What makes the obstructive role of governments so hard to understand is that they are enabling the failure of their signal policies. Both political parties are loudly committed to large infrastructure spending to revive the U.S. economy. But unless they reform the regulations that allow the other two to flourish, they will be spending billions of taxpayers’ money mainly on legal fees, cost over-runs, and abandoned projects.  

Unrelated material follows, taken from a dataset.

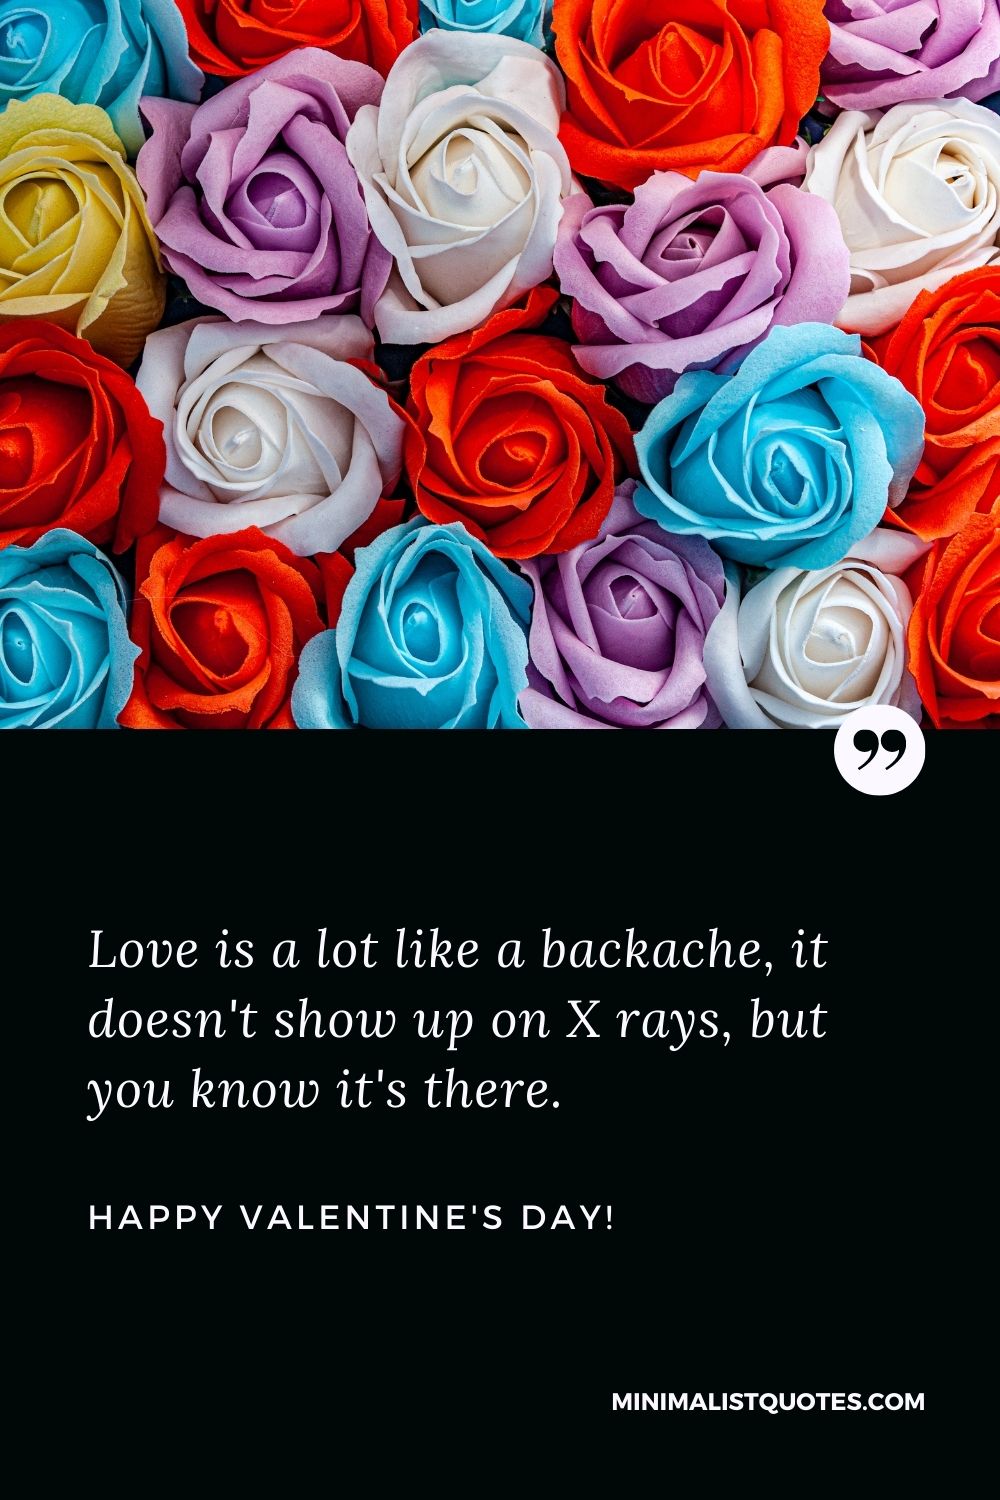 Love is a lot like a backache, it doesn't show up on X rays, but you know  it's there. Happy Valentines Day!

It seems so lunatic that it couldn’t possibly be true. Before you say that, however, consider this disturbing fact: governments around the world have steadfastly refused to publish the cost estimates of their promise to move towards carbon neutrality by 2050. Everybody knows that this policy (if it’s ever implemented) would be enormously expensive as well as reducing the standard of living of their populations. Still, it’s telling that governments are nervous about putting an actual figure on it -- as if the voters are so distracted by word inflation that they won't notice words such as horrendous or terrifying unless they're backed up by a statistic.  

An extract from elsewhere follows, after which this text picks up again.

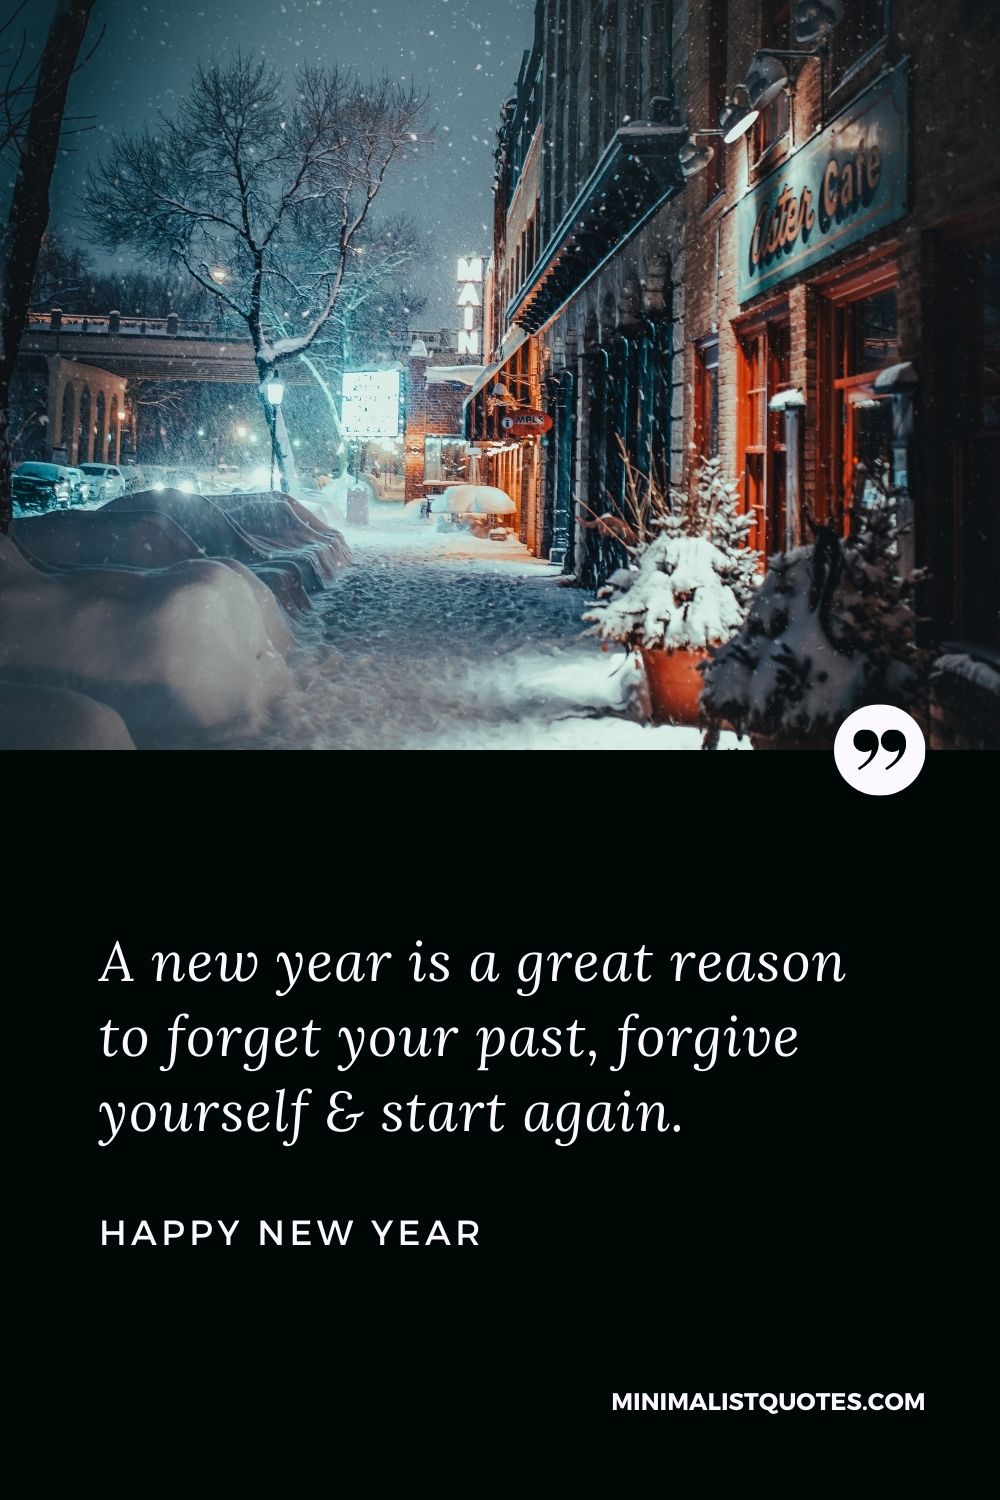 New Year Wish - A new year is a great reason to forget your past, forgive yourself & start again.

So we can understand the reluctance of governments when we learn that one government has done so with results that would alarm a drunken sailor into fiscal sobriety. As the Danish economist and head of the Copenhagen Consensus, Bjorn Lomborg, points out in a New York Post oped, adapted from his new book, False Alarm: How Climate Change Panic Costs Us Trillions, Hurts the Poor, and Fails to Fix the Planet:

Only New Zealand has asked for an independent assessment of the cost of its climate policy. It will cost 16 percent of its GDP each and every year by 2050, making it more costly than the entire New Zealand public expenditures for education, health, environment, police, defense, social protection, etc. (My italics.) 

Lomborg comments reasonably “We need smarter solutions.” For that, however, we would need smarter governments and smarter politicians. What we have are people who think you can pile ever-larger burdens on capitalism, progressively starve it of real investment and opportunities, and then ask it to save the world.